What Do Musicians Do When The Conductor Cant’t Lead?
I teach a class at the Federal Executive Institute (FEI) to government managers on transforming hierarchical relationships into powerful partnerships. In the middle of the week, participants go on field trips to observe leading and following in significantly different settings than their usual work environment.
This week a number of participants in my class chose the field trip that took them to the local high school. They shared with the rest of the class their experience observing young people learning and practicing leading and following in the orchestra in which they played.
Contrary to the cultural belief that everyone is supposed to be a leader, these students understood their role in this situation as followers of the conductor. They reported that several things made this a satisfying role. The leader respected them. She listened to their input. They felt heard and respected, whether or not she accepted their suggestions.
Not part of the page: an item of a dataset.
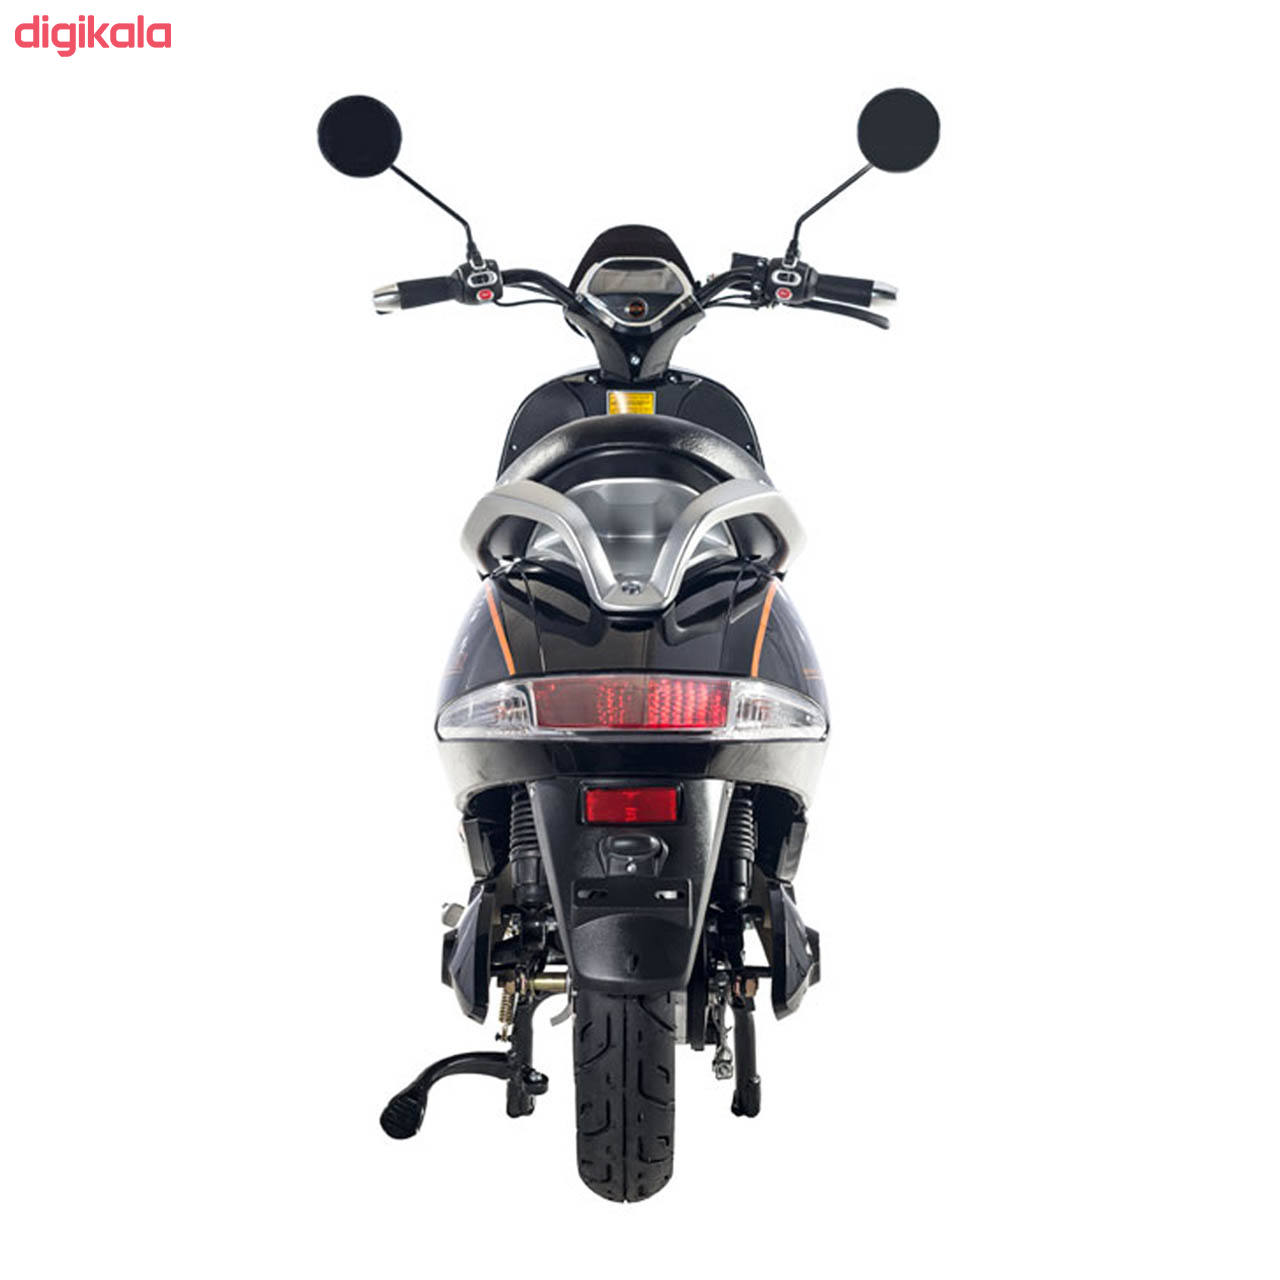 موتورسیکلت سپهر مدل 1600SKZ وات سال 1399 main 1 4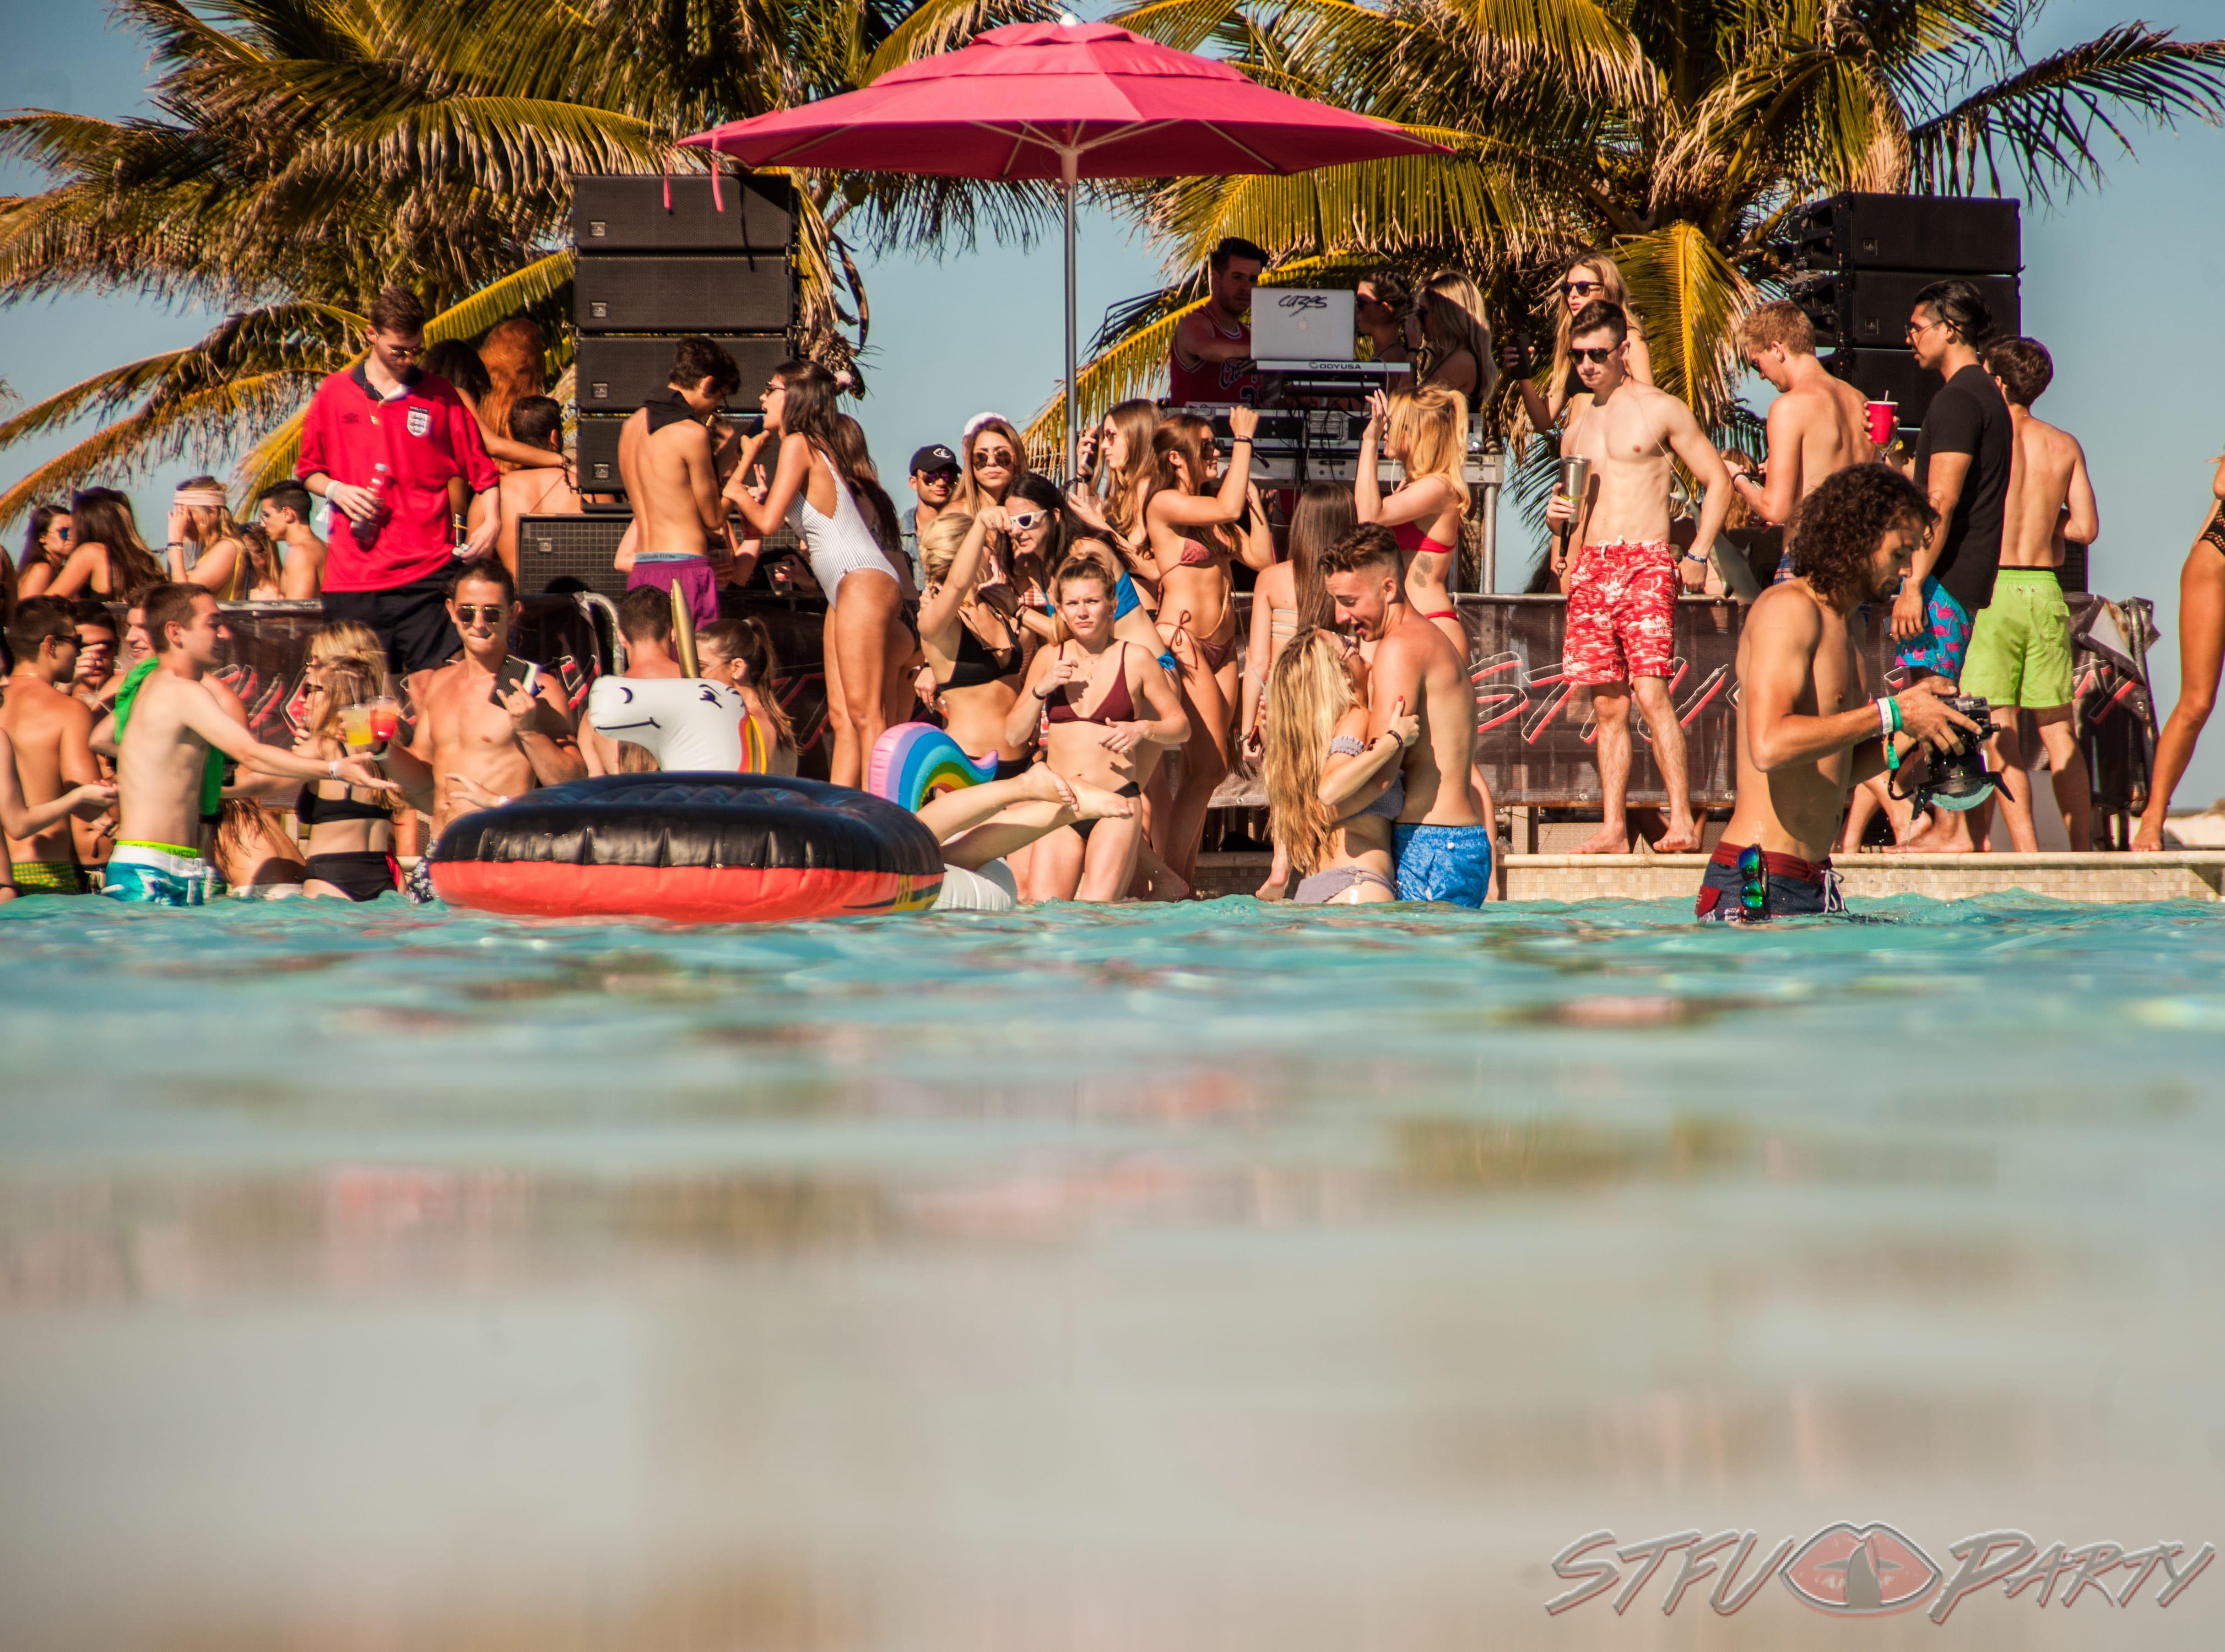 Best Spring Break Destinations 2020 STFU Bimini Spring Break 2020 | STFU & Party

Equally important, they were motivated by the mission – to make good music. They diligently practiced at home because they did not want to let their fellow team members down through inferior performance. In the high school setting, two musicians shared a music stand and they needed to coordinate who would turn the page when the other was playing. They practiced doing this smoothly.
Perhaps the most interesting lesson came when the government manager was invited to conduct the orchestra. The musicians recognized that their new “leader” lacked the skills of their trained conductor and compensated for this by quietly following the student in the “lead chair” who did know the music, its pacing, its variations of intensity and other elements that create a good musical performance.
This was a great example of people owning the lead and follow roles, being flexible in them and using each team member’s gifts to accomplish the highest level of performance of which the group was capable. Good lessons for managers everywhere!